Work instruction: All lines in the records below from the line with "Stowe Stairs1.jpg" through the line with "Флаги Азербайджана, Турции" are to be given again exactly, both ends included; the pictures are to be left out.

══ Working data

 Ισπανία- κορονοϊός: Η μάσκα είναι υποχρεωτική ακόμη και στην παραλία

════
══ Working data

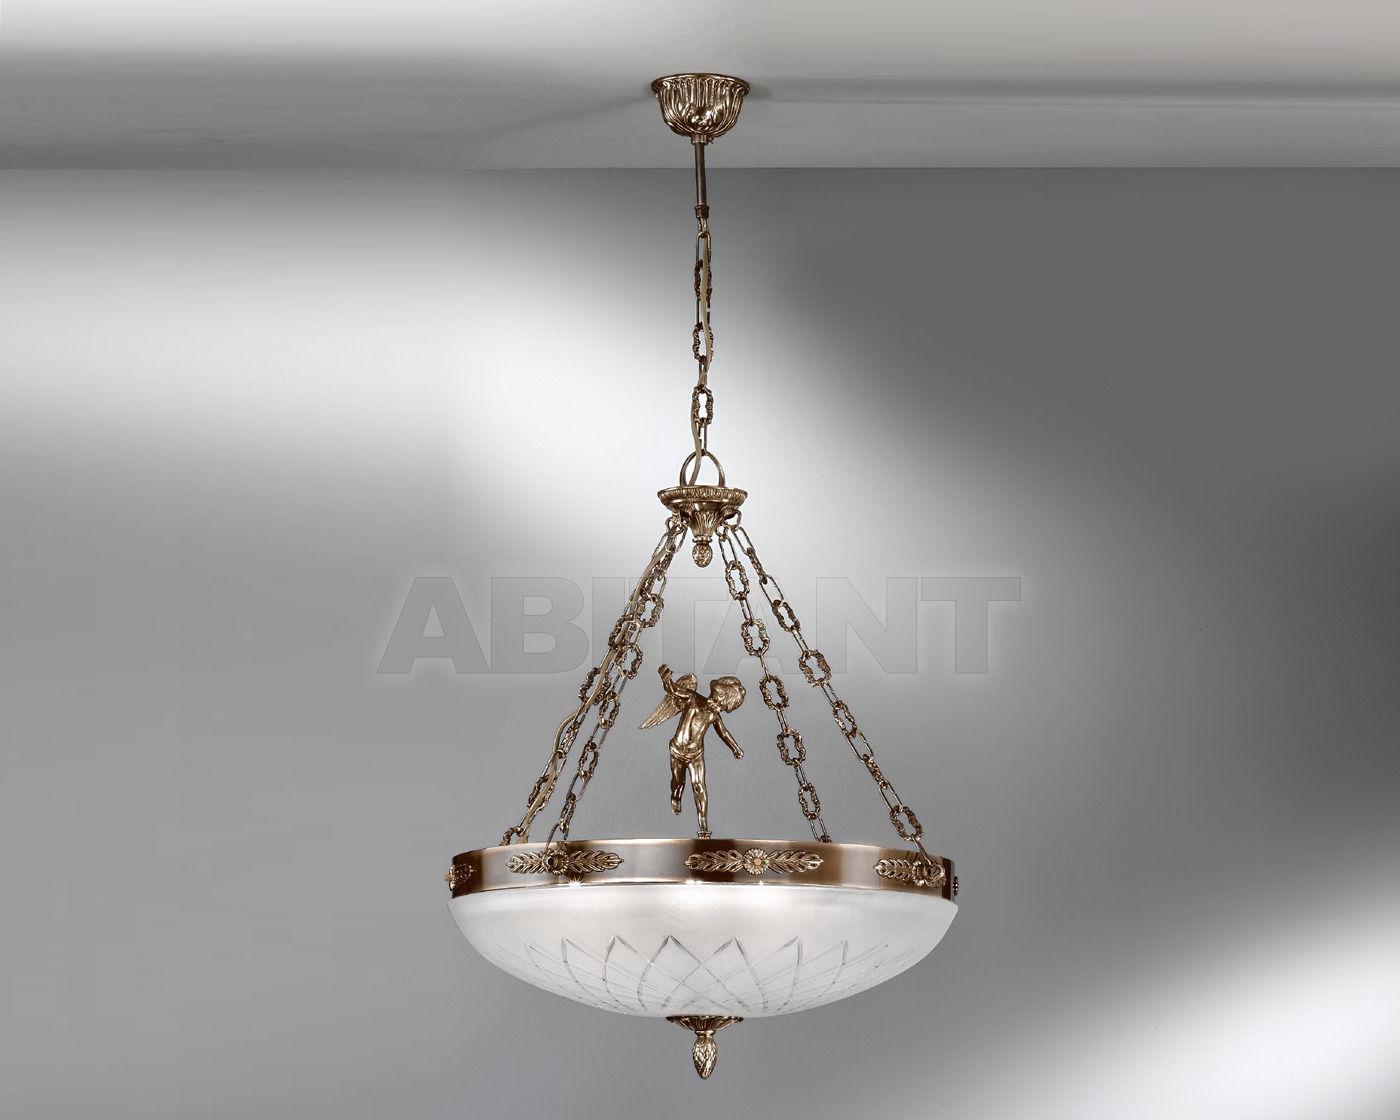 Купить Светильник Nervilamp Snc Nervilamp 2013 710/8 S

════
══ Working data

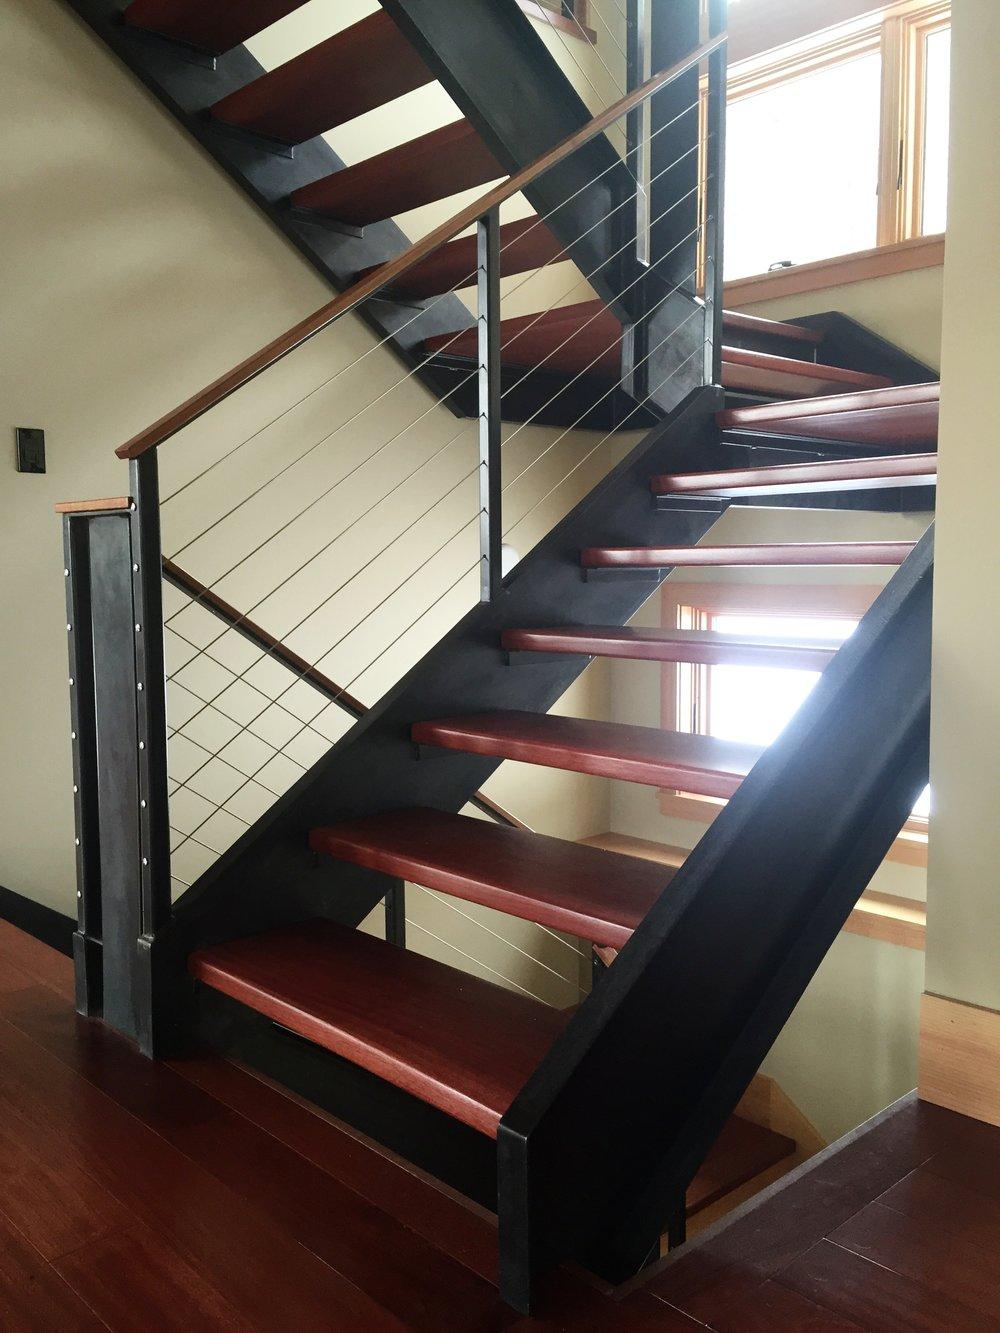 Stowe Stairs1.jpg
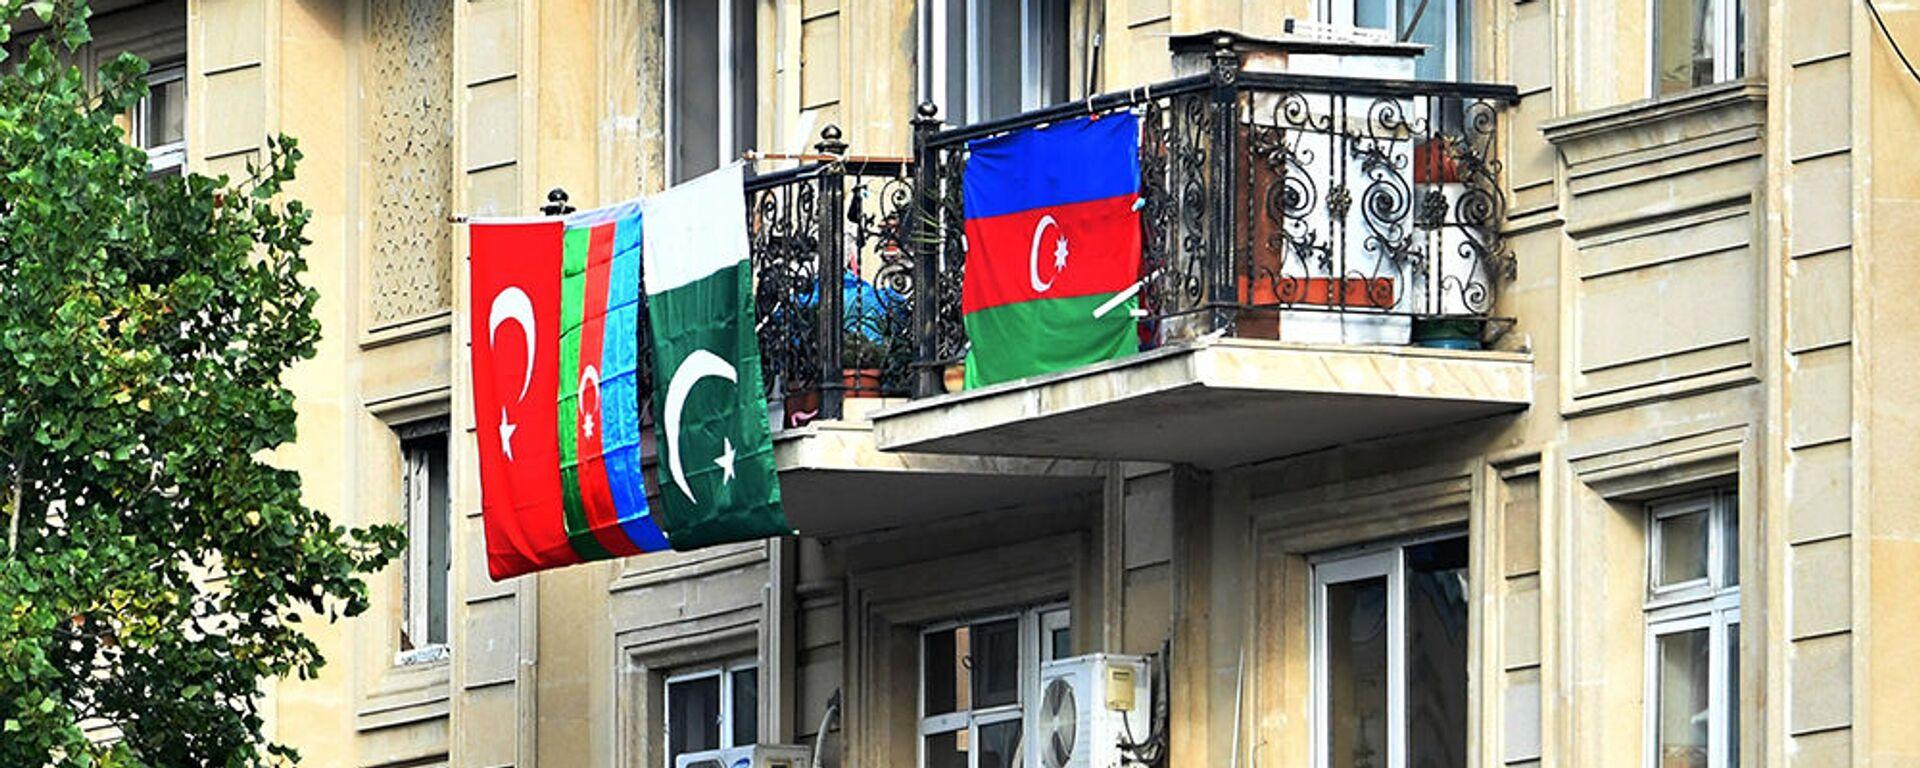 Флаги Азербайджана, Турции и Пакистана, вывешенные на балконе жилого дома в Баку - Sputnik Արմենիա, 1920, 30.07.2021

════

Answer section:
 Stowe Stairs1.jpg
 Флаги Азербайджана, Турции и Пакистана, вывешенные на балконе жилого дома в Баку - Sputnik Արմենիա, 1920, 30.07.2021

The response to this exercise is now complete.